Cortaderia planifolia has many similarities to C. pungens, but is separated by the flat or folded, but not rolled, leaves; somewhat taller tussocks (05-1 m, compared to 0.2-0.5m); adaxial leaf surface above the ligule glabrous; glumes 8-15 mm long, compared to 12-16 mm; lemmas 4-8 mm, compared to 3-4 mm long; lemma awn less than 8 mm long, compared to more than 9 mm in C. pungens. These numerous small differences suggest that these are two species.

It has also been grouped with C. hapalotricha, from which it differs by the smaller size, the flat leaves glabrous above the ligule, the shorter lemma awn and setae.

Leaf anatomy not investigated.

hapalos (Greek) = soft + thrix (Greek) = hair. It presumably refers to the densely pubescent rhachilla.

The type specimen of Cortaderia scabriflora is intermediate between C. hapalotricha, C. pungens and C. planifolia. It has the lemma structure of C. pungens, the folded leaves typical of C. planifolia, the pungent leaves typical of both, but the size of C. hapalotricha. Overall, it approaches C. hapalotricha.

Connor and Edgar (1974) note “The golden brown panicles with very hairy branches are obvious characteristics of this species.”, but these characters are variable in the species. Cortaderia hapalotricha is morphologically very close to C. columbiana, especially by the inner leaf surfaces directly above the ligule being densely and finely woolly. Genetically, the two species are strongly supported as sister species. Cortaderia hapalotricha can be separated from C. columbiana by the longer glumes, which are much longer than the spikelets, by the denser inflorescences, and by the lemmas which have well developed setae. It is also similar to C. bifida, but the lemmas are longer and the setae shorter. Most convincing might be anatomical differences, these need to be corroborated with more sections. The leaf anatomy and spikelet structure indicate a very close relationship with C. pungens, and the two might just be ecological variants of each other. However, the growth form is quite different, and we keep them separate on this basis.
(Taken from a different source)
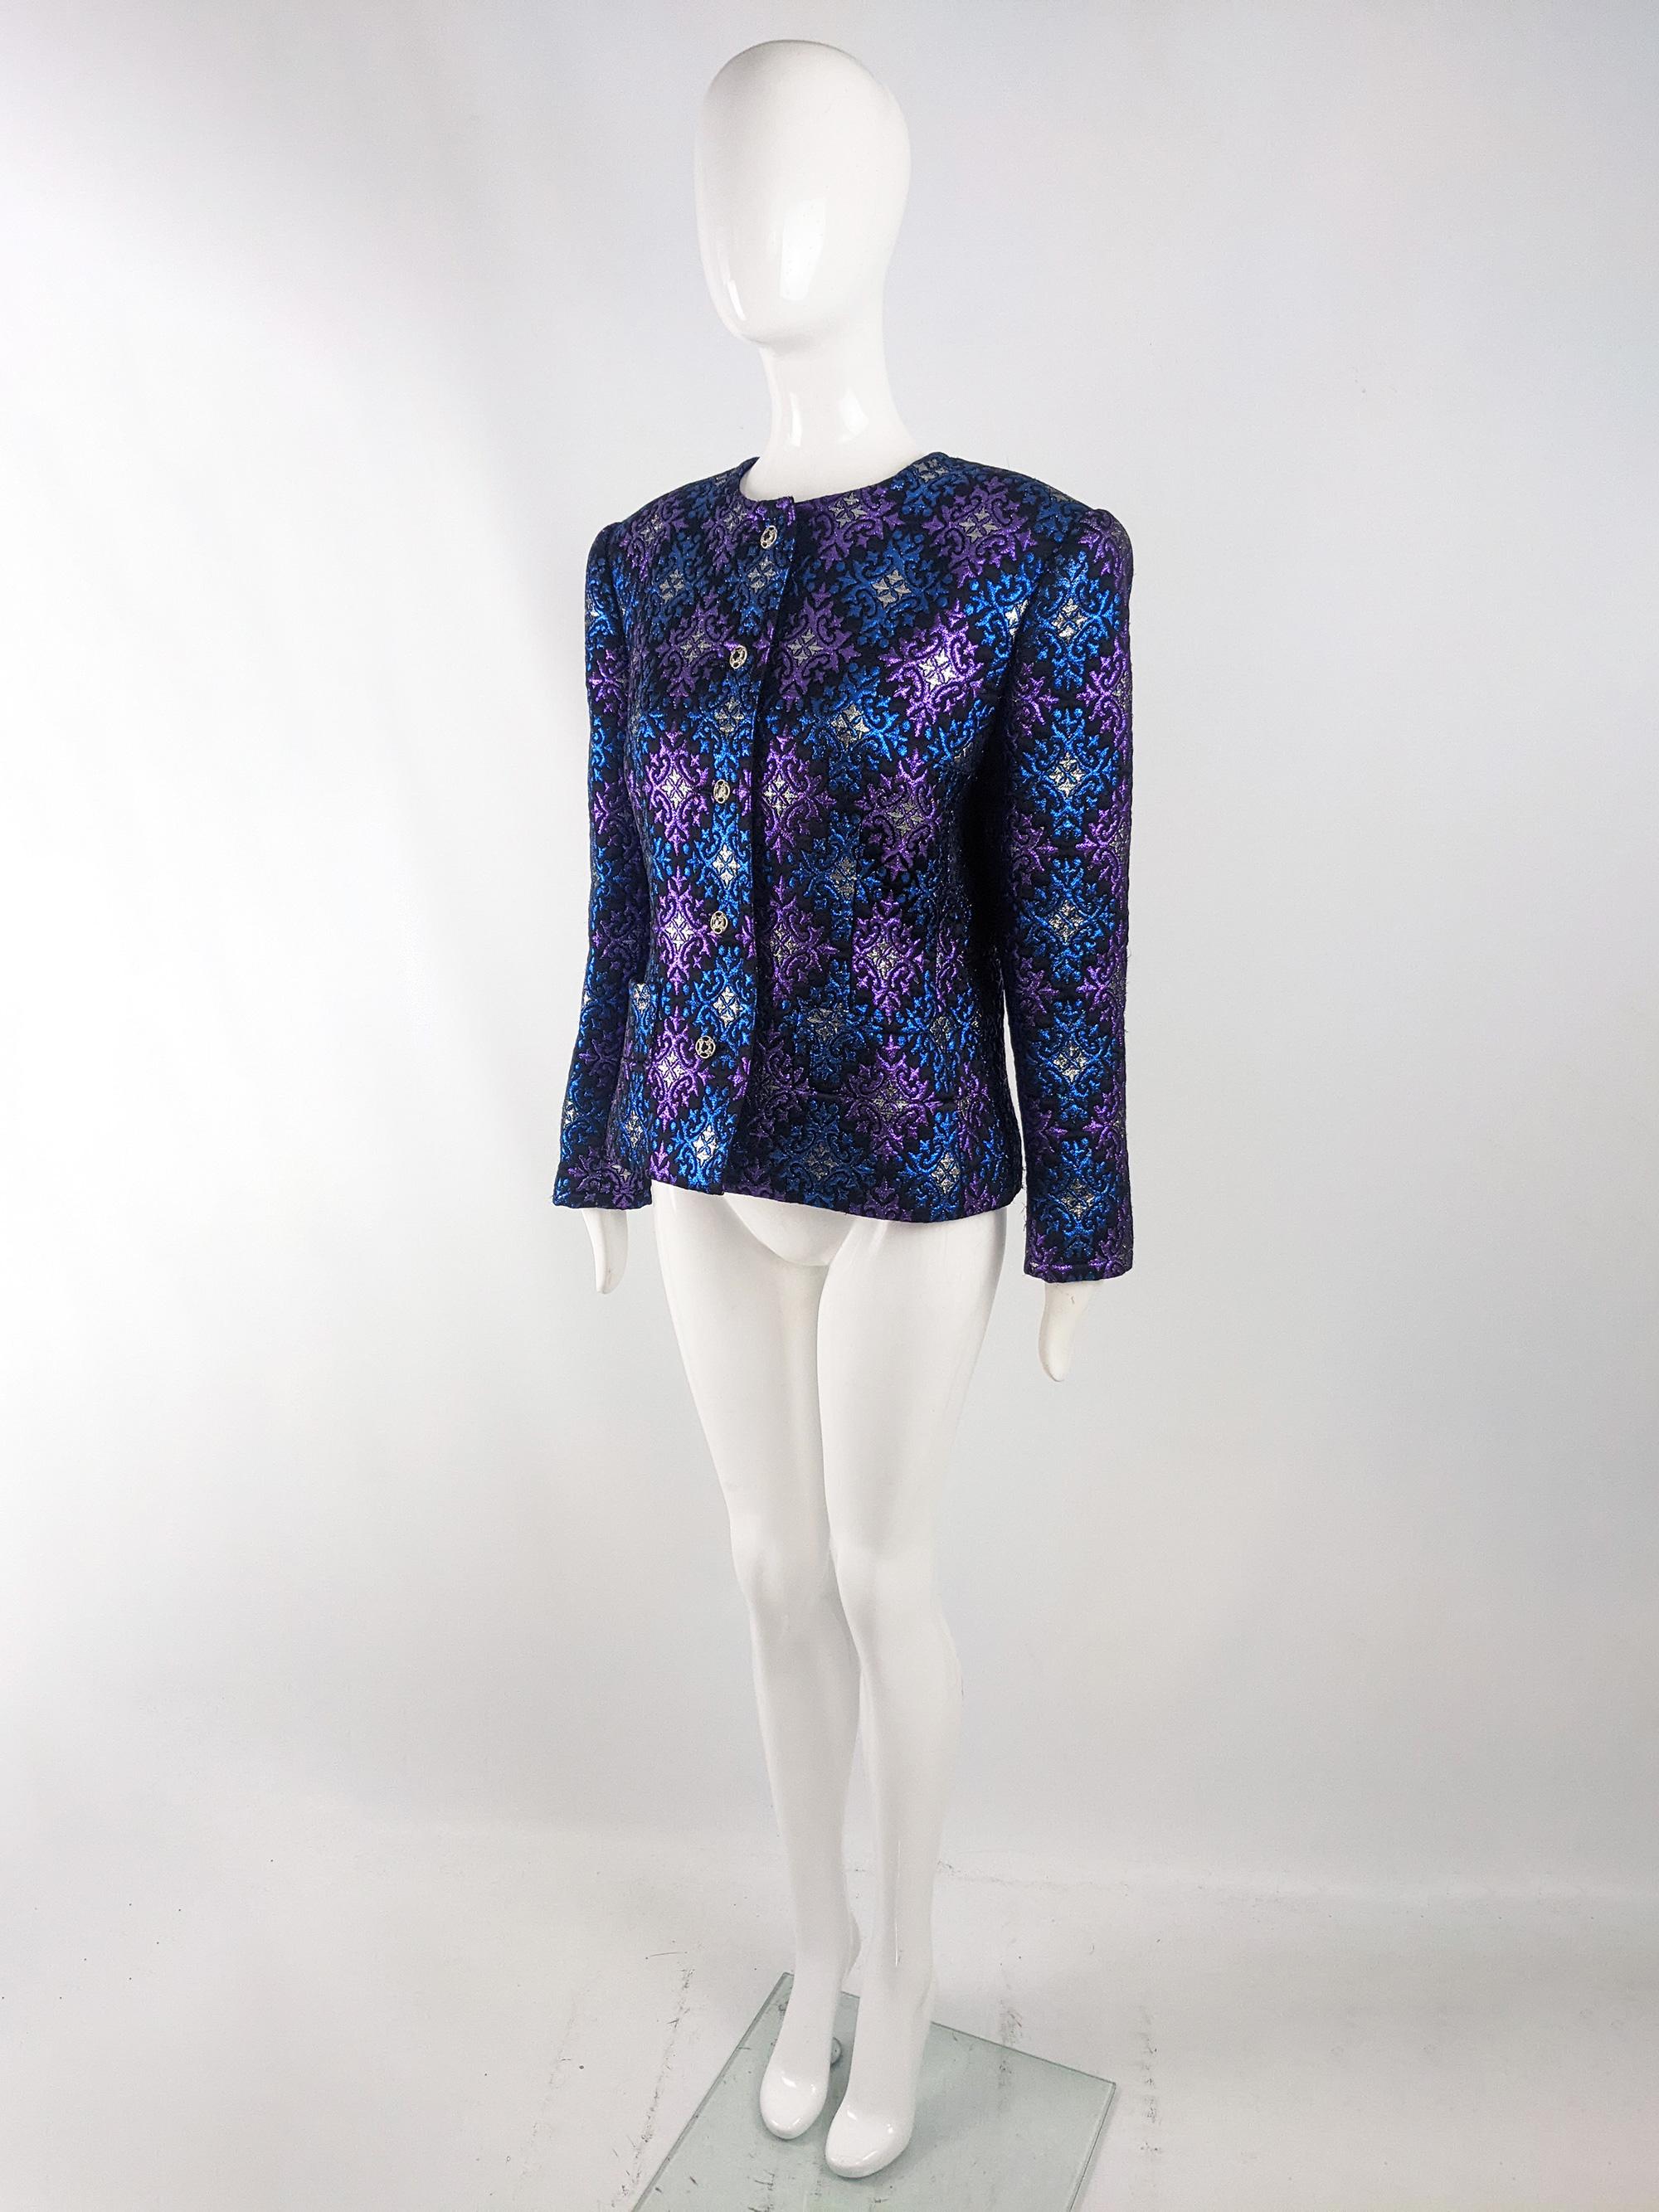 Givenchy Vintage 1980s Black Blue & Purple Brocade Jacket Evening Lamé Coat In Fair Condition In Doncaster, South Yorkshire

Leaf anatomically (Fig. 3I) this species is very similar to C. columbiana, with well developed adaxial ribs, and girders linking the vascular bundles to both surfaces, as well as well developed adaxial epidermal papillae. The only difference may be the absent or poorly developed abaxial subepidermal sclerenchyma layer.

-ana, indicating connection. From Republic of Colombia.
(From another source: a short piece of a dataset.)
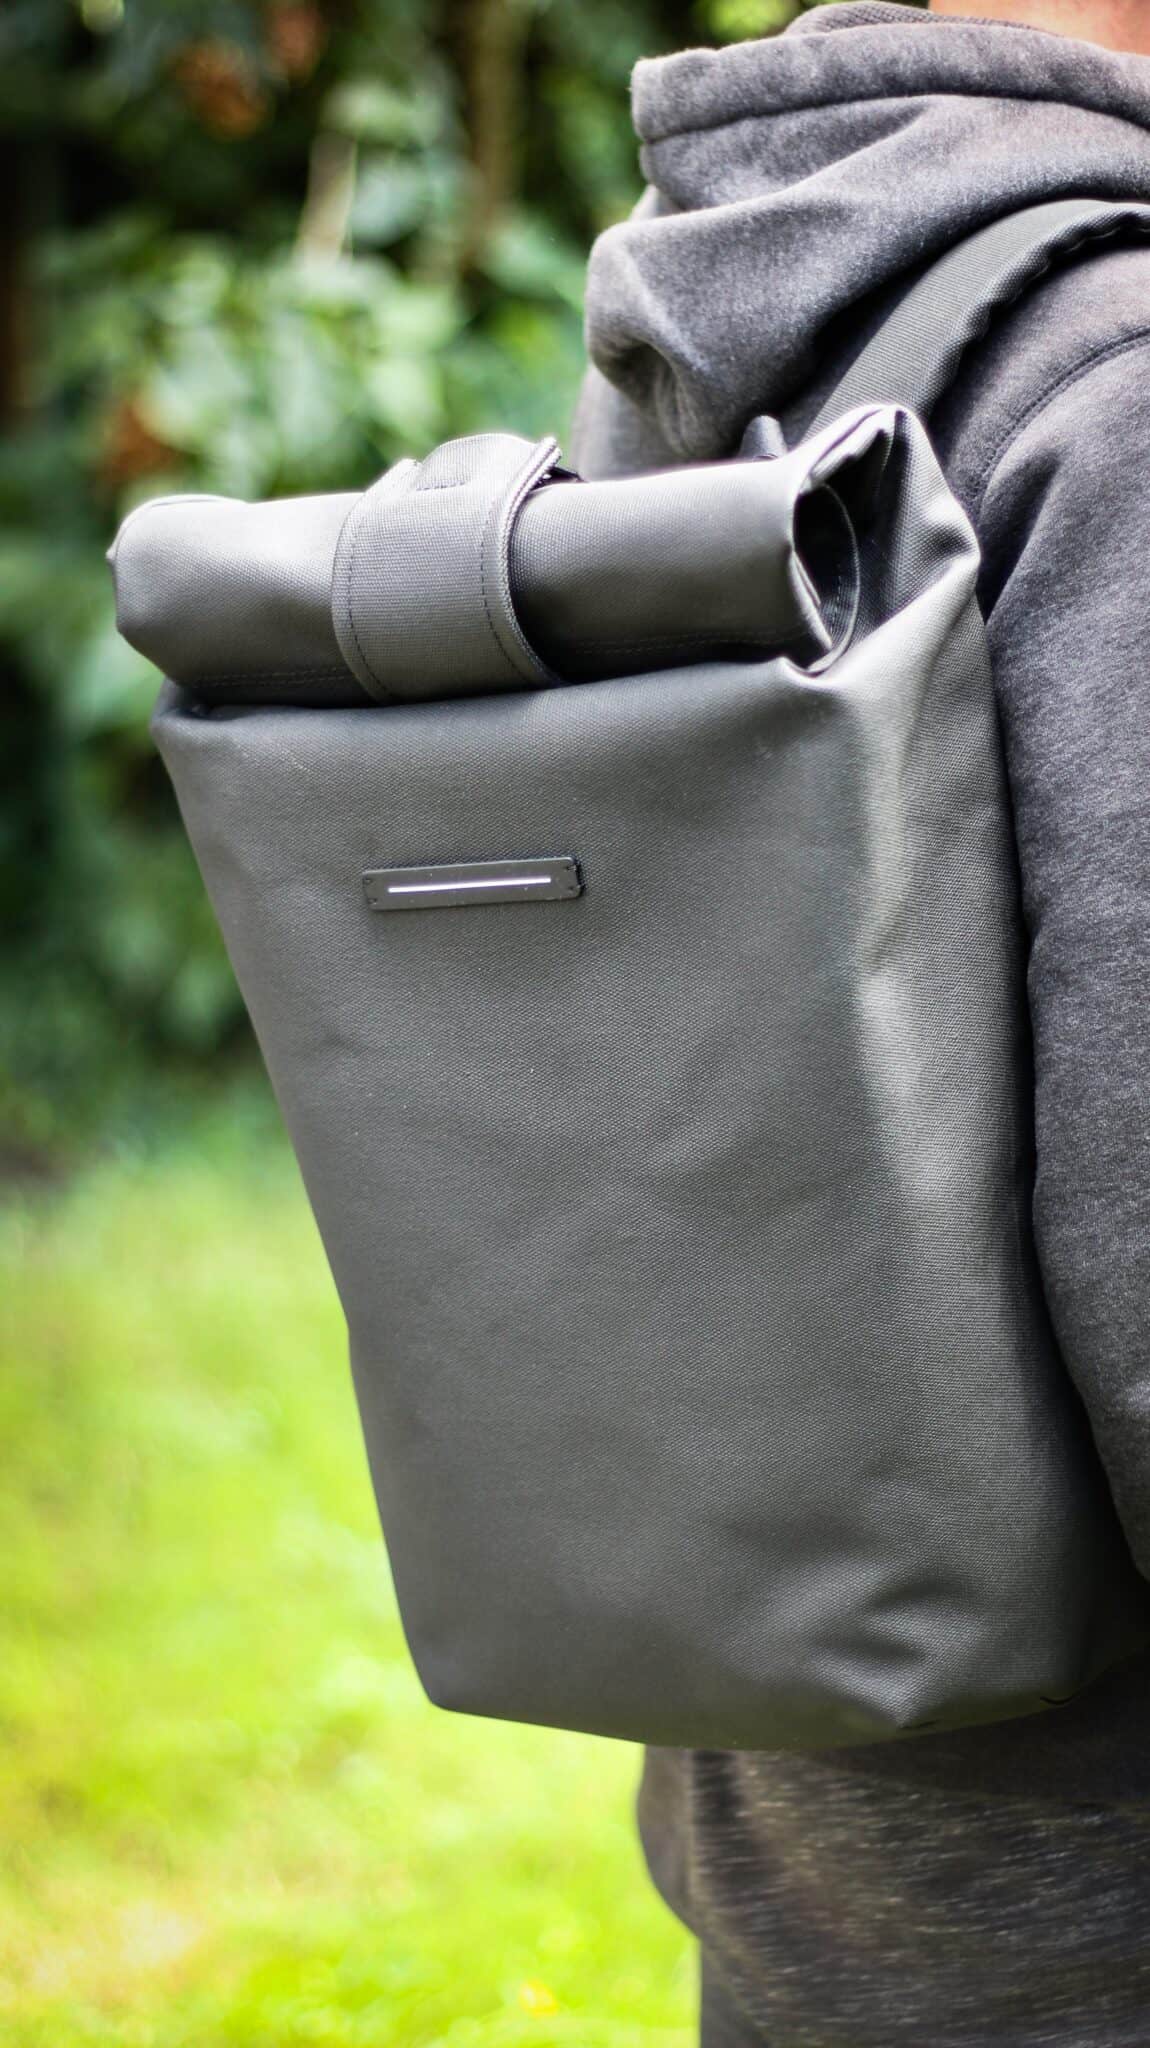 Horizn Studios review: Is this sustainable luggage worth it?

Connor & Edgar (1974) imply a similarity to C. hapalotricha, but note that the panicle is longer, more laxly flowered, and dull brown, and that this separates the two species. Cortaderia columbiana is superficially similar to C. hapalotricha, and also has short felty hair on upper leaf surface above the ligule, but is different by the shorter setae. Leaf anatomically they can be separated by the presence of a continuous lignified sub-epidermal layer on the abaxial side. It is also very similar to C. roraimensis by the lemma shape, in particular with the very short setae. However, the plant bases differ: in C. roraimensis the leaf bases are lacerated and curly, a feature less well developed in C. columbiana. Possibly the best way to separate the two species might be by the much more villous leaf margins, and often the villous adaxial leaf surface of C. columbiana. Geographically, the two species are also adjacent.

The leaf anatomy is like that of C. hapalotricha, but differs by a continuous sclerenchyma layer below the abaxial epidermis.
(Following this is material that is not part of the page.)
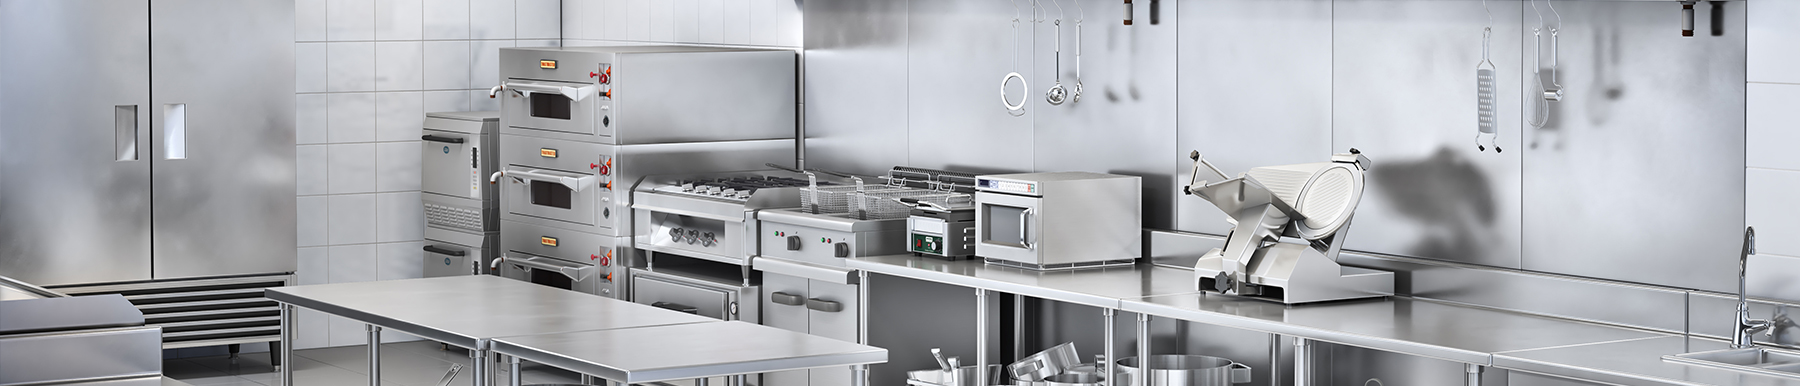 Catering Equipment Suppliers Near Ipswich | H2 Catering Equipment Catering Equipment

-ensis (Latin), denoting place of origin. From Mt Roraima, Guyana.

This is the only Cortaderia species from the tepuis. It is very similar to C. columbiana. It shares with C. columbiana and C. bifida a base of dense clustered lacerated sheaths. From the similar C. columbiana it is separated by the almost absent indumentum on the leaf margin directly above the simple ligule. From C. bifida it is distinct by the lobed lemma, where the lobes are not extended into slender setae.

The leaf anatomy (Fig. 3J) follows the same basic plan as that of C. hapalotricha.